The development of multidimensional nuclear magnetic resonance (NMR) spectroscopy combined with modern molecular biology methods that enable stable, NMR active isotopes to be incorporated has increased the use of this technique for yielding structural and dynamic information on macromolecules such as proteins and nucleic acids.1,2 In spite of the numerous documented successes of solution-state NMR spectroscopy in generating atomic-resolution images of large molecules, a number of important biological systems cannot be analyzed directly using this approach because they are too large or exist in an inherently non-crystalline solid state environment. Examples of such systems include highly-ordered aggregates commonly referred to as amyloid fibrils.3,4
Amyloid fibrils are characterized by an elongated thread-like morphology, and generally believed to exhibit “cross-β” architecture with individual peptide strands arranged perpendicular to the fibril axis. Light-chain amyloidosis (AL) is the most prevalent systemic amyloidosis in the United States and is characterized by the deposition of Ig VL amyloid fibrils in organs such as kidneys or heart.5
Our initial studies, discussed in Chapter 2 of this thesis and published in 2009 in Biomolecular NMR Assignement,6 present the backbone resonance assignments for the LEN protein, which displays a high degree of sequence identity with another human immunoglobulin, SMA. In a subsequent series of studies, described in Chapter 3 and published in 2011 in Biochemistry,7 the conformational flexibility of LEN was investigated at physiological and acidic pH by multidimensional solution-state NMR methods. 15N Carr-Purcell-Meiboom-Gill (CPMG) relaxation dispersion NMR data show that LEN experiences considerable slower, millisecond time scale dynamics, confined primarily to three contiguous segments encompassing the N-terminal β-strand and complementarity determining loop regions (CDR) 2 and 3 in the vicinity of the dimer interface. Quantitative analysis of the CPMG relaxation dispersion data reveals that at physiological pH these slow backbone motions are associated with relatively low excited-state protein conformer populations. Upon acidification, the minor conformer populations increase significantly with most residues involved in stabilizing interactions across the dimer interface displaying increased flexibility. In Chapter 4, we extended the 15N-CMPG relaxation experiments to the pathogenic SMA protein as well as eight SMA-like point mutants of LEN to assess the impact of each mutation on the stability of the dimer interface.

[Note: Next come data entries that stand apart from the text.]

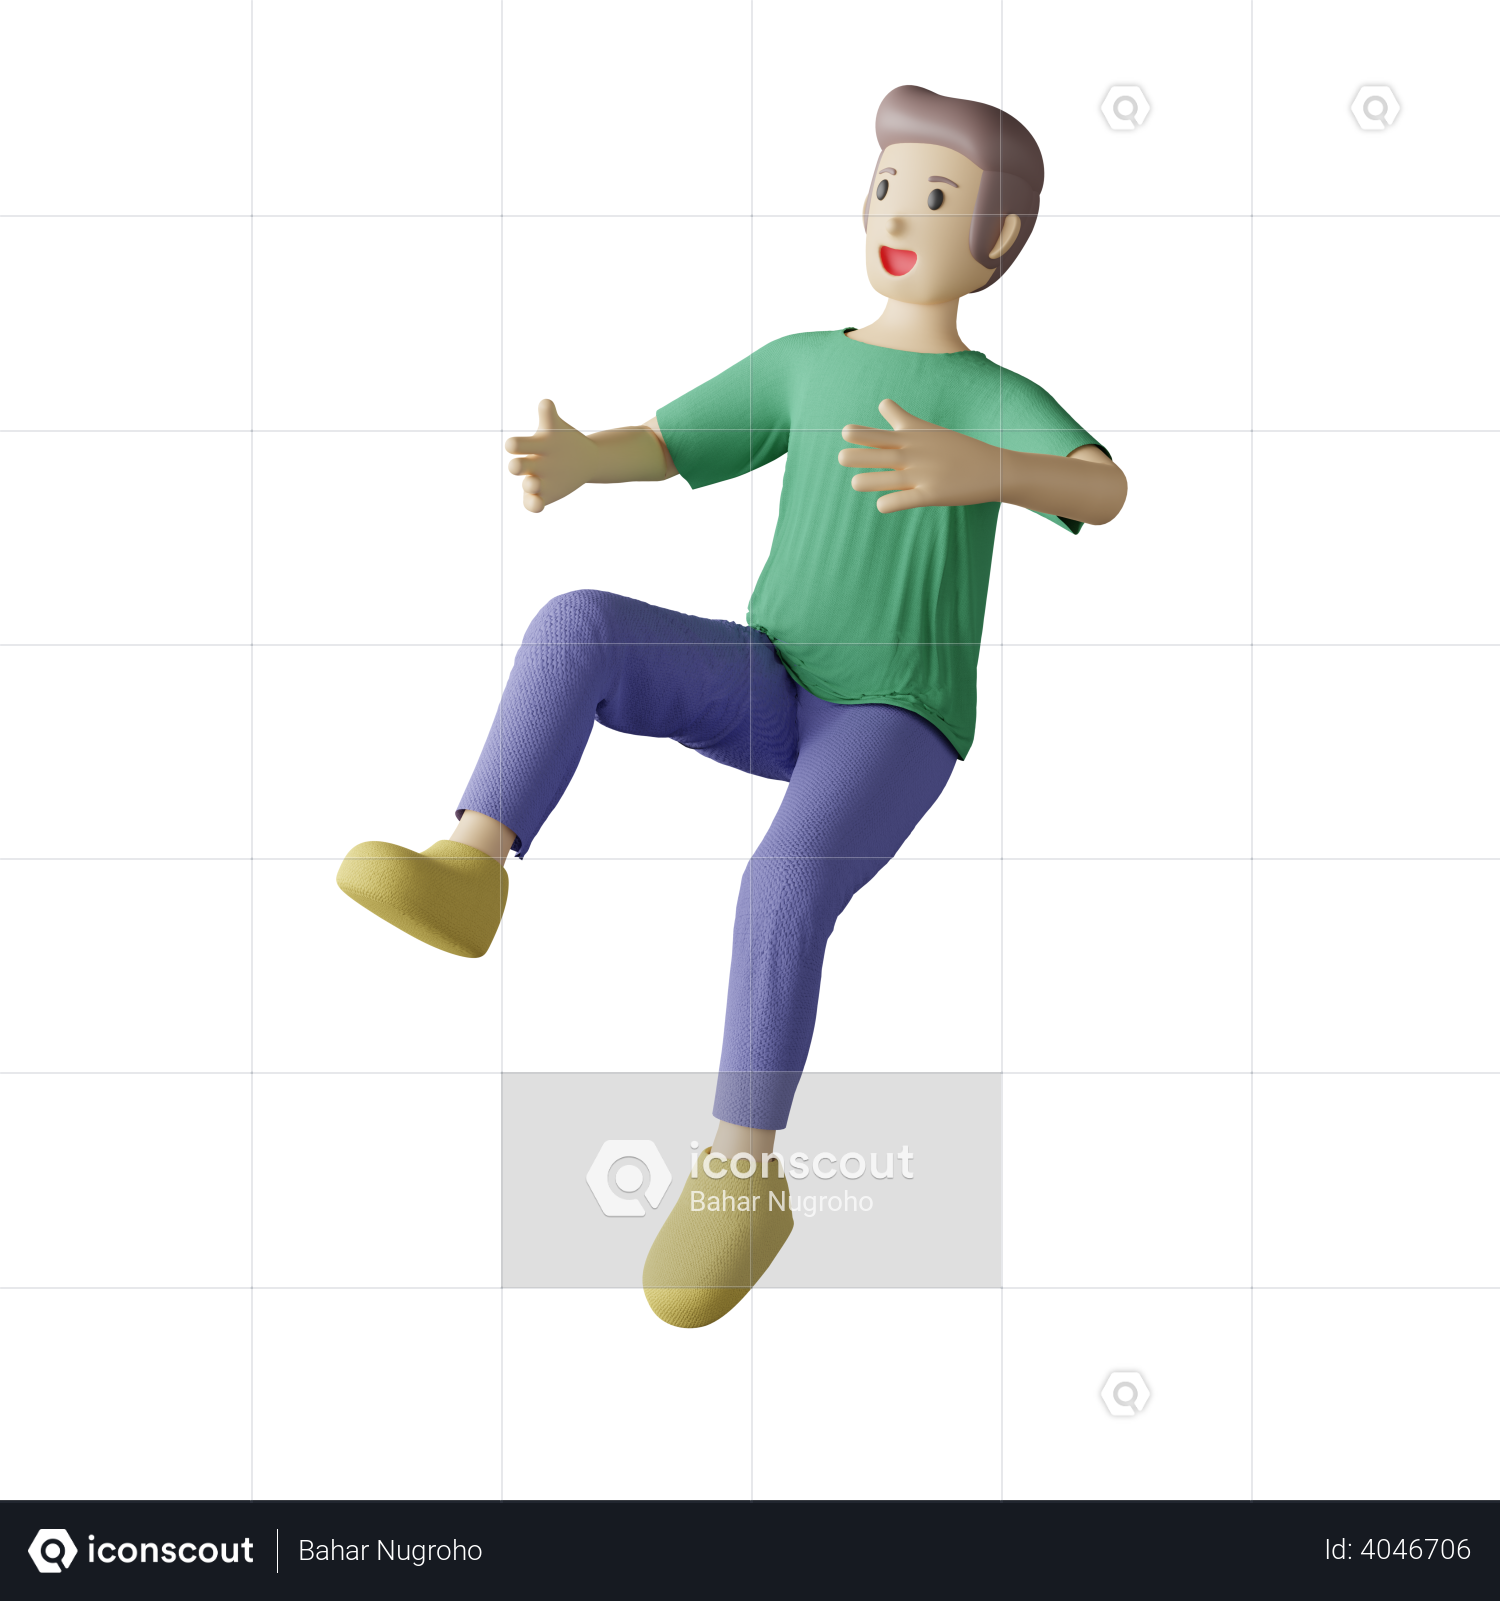 ArtStation - 2 Male hand poses free 3D model OBJ | Resources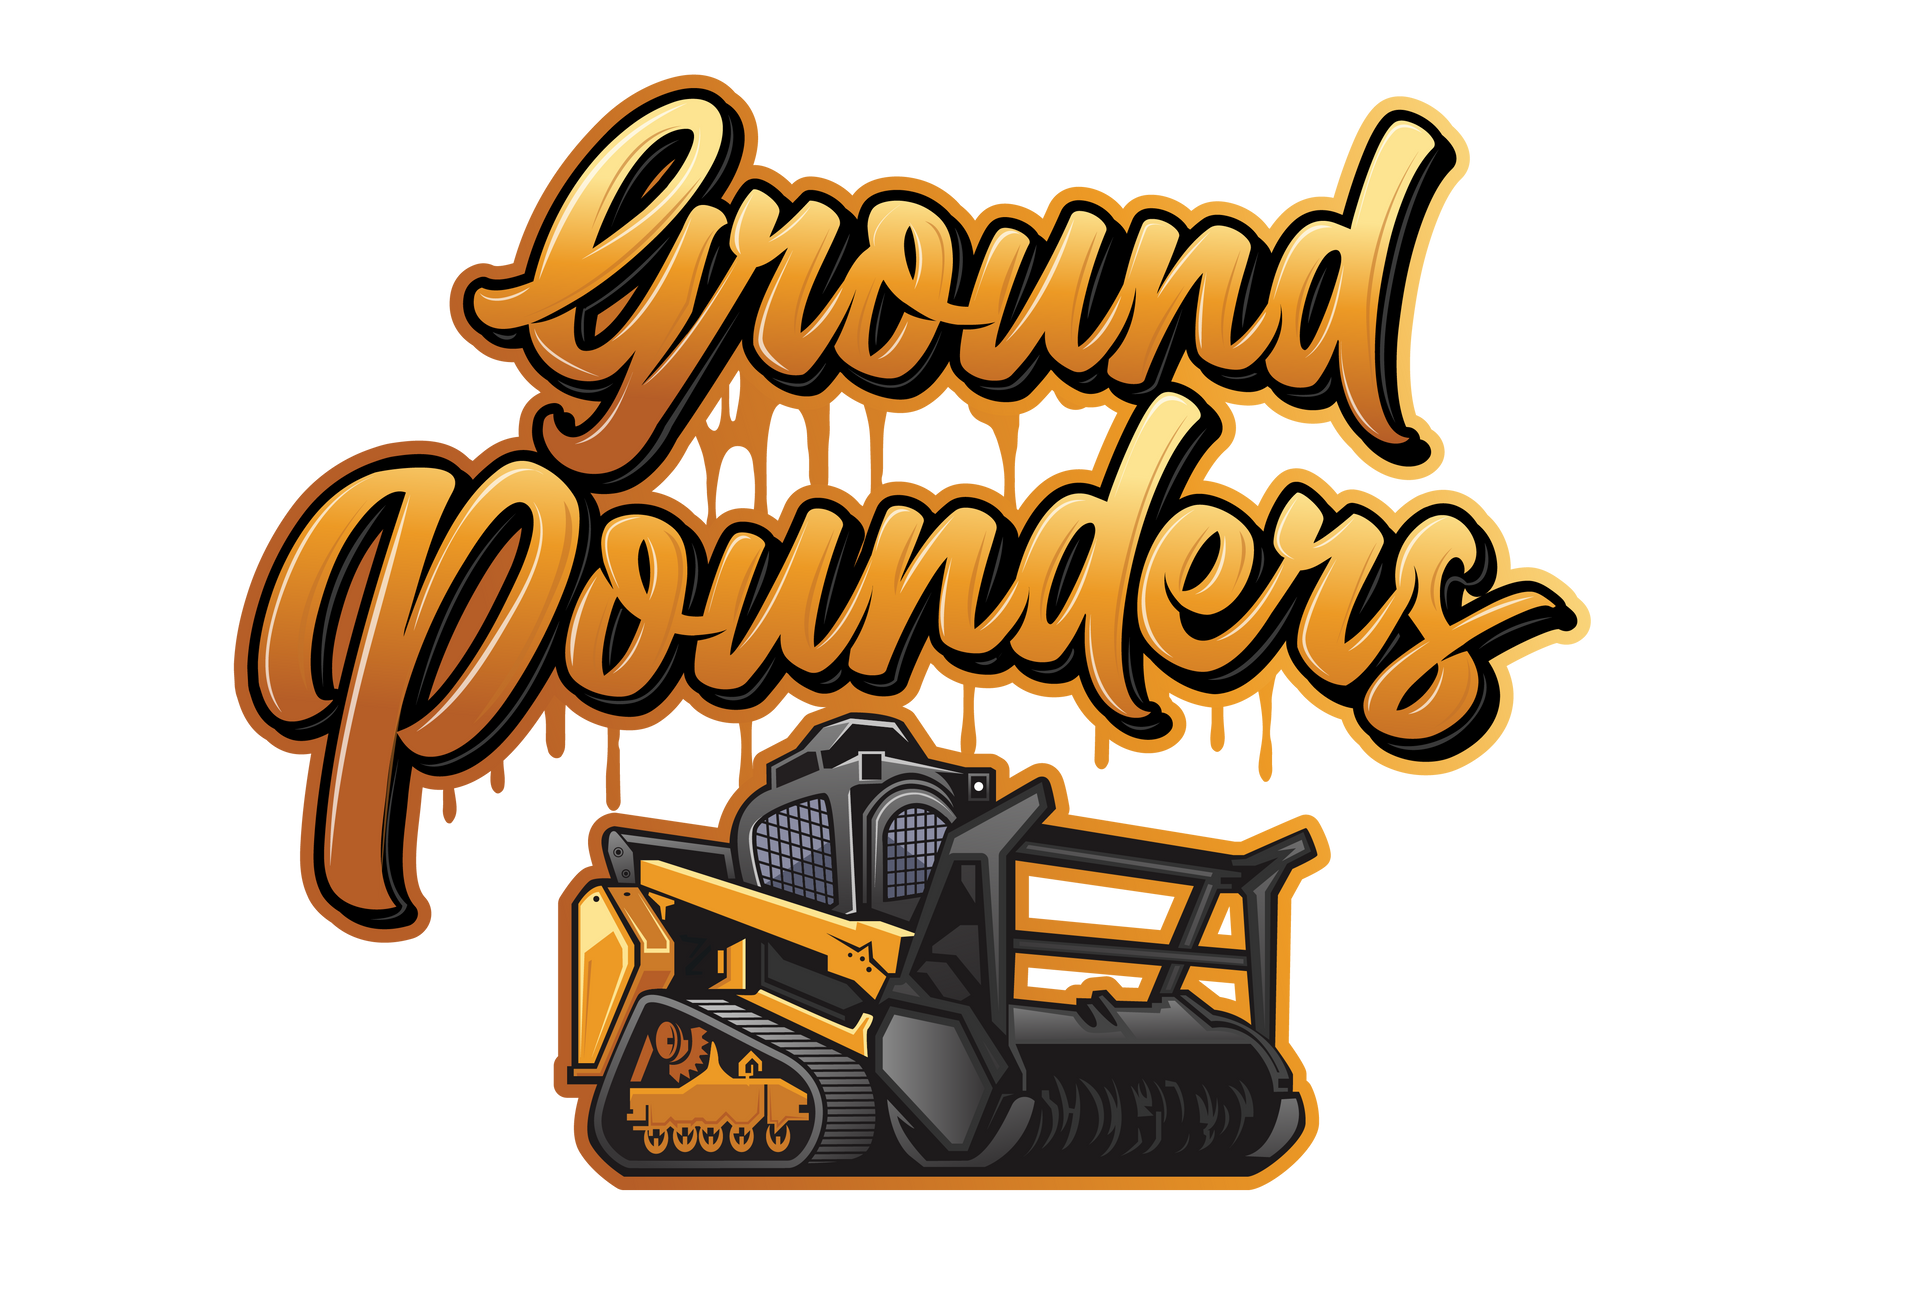 Ground Pounders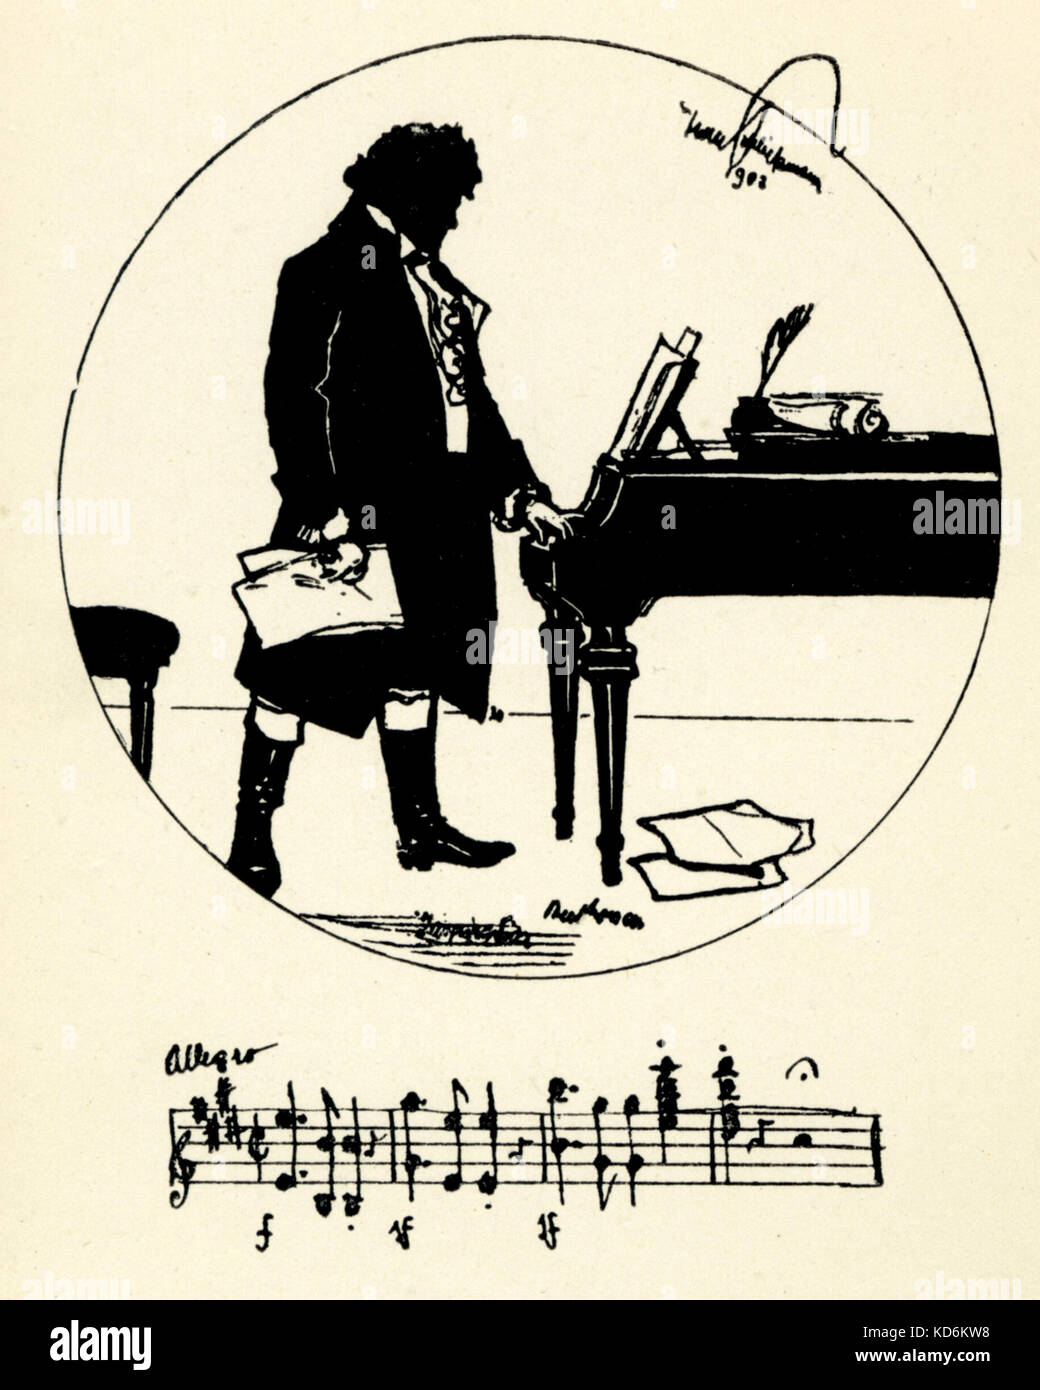 Ludwig Van Beethoven Standing With Hand On Piano Keyboard Holding

In Chapter 5 the characterization of the amyloid core region of the LEN fibril, using DMSO-quenched hydrogen/deuterium (H/D) exchange combined with 2D solution-state NMR,9 and we compare these H/D exchange data to those recorded for LEN under native conditions.
Finally, in Chapter 6 we present some ongoing work on a different amyloid forming system, the Y145Stop mutant of the prion protein (PrP). Specifically, as part of a larger group effort to obtain structural information on the PrP fibrils, the mass-per-length (MPL) values, which serve as strong constraints on molecular structure,10 were calculated by quantification of intensities in dark-field electron microscope images obtained in the tilted-beam mode of a transmission electron microscope (TEM).